Use the cache function on the intermediate result.

☝🏻The cache() function in PySpark is used to cache (store in memory) data from an RDD (Resilient Distributed Dataset) or DataFrame. This can speed up the execution of subsequent actions or transformations on the same data, as PySpark won’t have to recompute the same data repeatedly.

#### How cache() works:

1. **In-Memory Caching:** When you call cache() on an RDD or DataFrame, the data is stored in memory (RAM) distributed across all nodes in the cluster, allowing for faster calculations.

2. **Lazy Execution:** Calling cache() doesn’t immediately execute the calculation. Only when an action like count(), collect(), or show() is performed will the data be computed and cached.

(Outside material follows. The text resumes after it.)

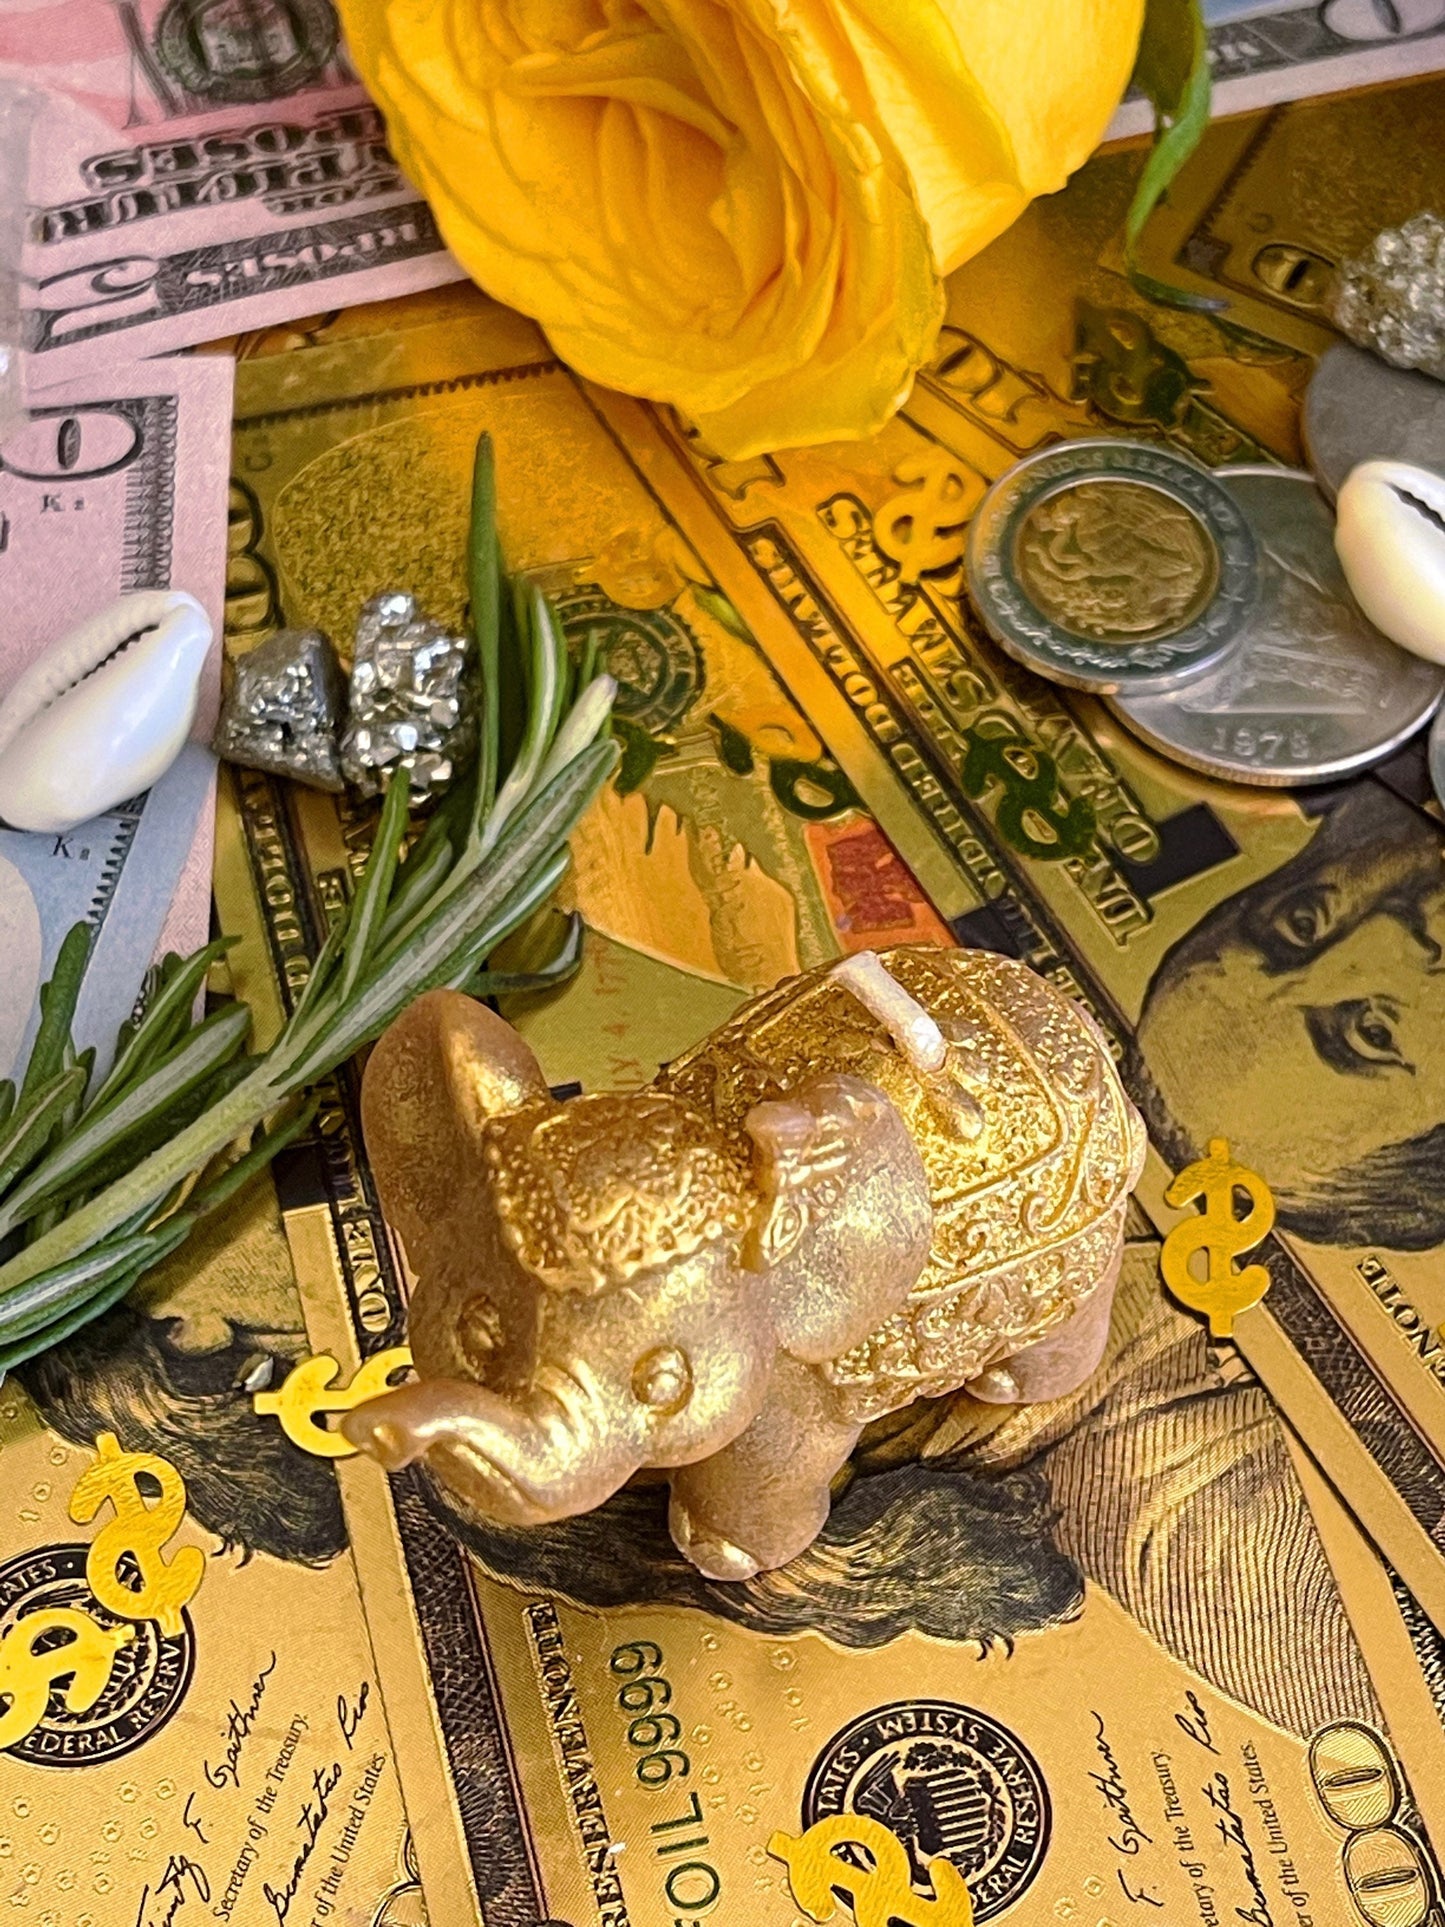 Elephant Candle + Luck + Spirit Guides
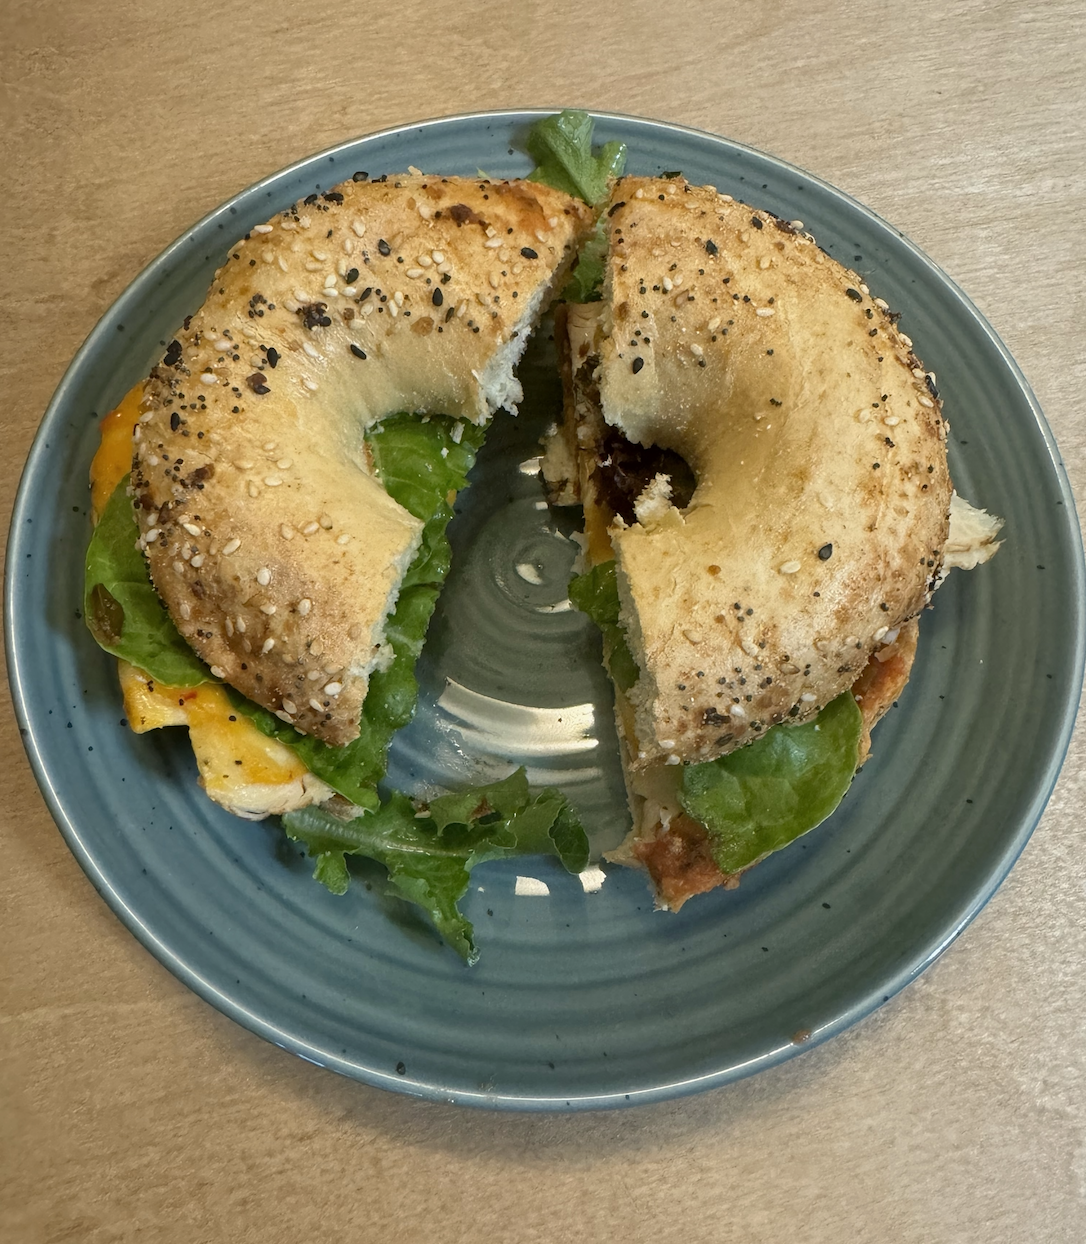 An everything bagel cut in half with chicken, cheese, and greens on a plate

3. **Storage Mechanism:** By default, cache() uses memory. If data doesn’t fit into memory, Spark will store it on disk.

4. **Cache Control:** Using cache() saves data with the storage level MEMORY_ONLY. Other levels, like MEMORY_AND_DISK, can be used with persist().

5. No need to dive too deep into the details. Just know that memory storage is common, and disk storage is rare 😉.

```python

from pyspark.sql import SparkSession

# Create Spark session

spark = SparkSession.builder \

    .master("local[*]") \

    .config("spark.sql.shuffle.partitions", "2") \

    .appName("MyGoitSparkSandbox") \

    .getOrCreate()

# Load dataset

nuek_df = spark.read \

    .option("header", "true") \

    .option("inferSchema", "true") \

    .csv('./nuek-vuh3.csv')

nuek_repart = nuek_df.repartition(2)

nuek_processed_cached = nuek_repart \

    .where("final_priority < 3") \

    .select("unit_id", "final_priority") \

    .groupBy("unit_id") \

    .count() \

    .cache()  # Added cache function

# Intermediate action: collect

nuek_processed_cached.collect()

# Additional line added here

nuek_processed = nuek_processed_cached.where("count>2")

nuek_processed.collect()

input("Press Enter to continue...5")

# Release memory from DataFrame

nuek_processed_cached.unpersist()

# Close Spark session

spark.stop()

```

Run the code. Take a screenshot of all Jobs (there should be 7).

🧠 Think: Why does using cache() reduce the number of Jobs?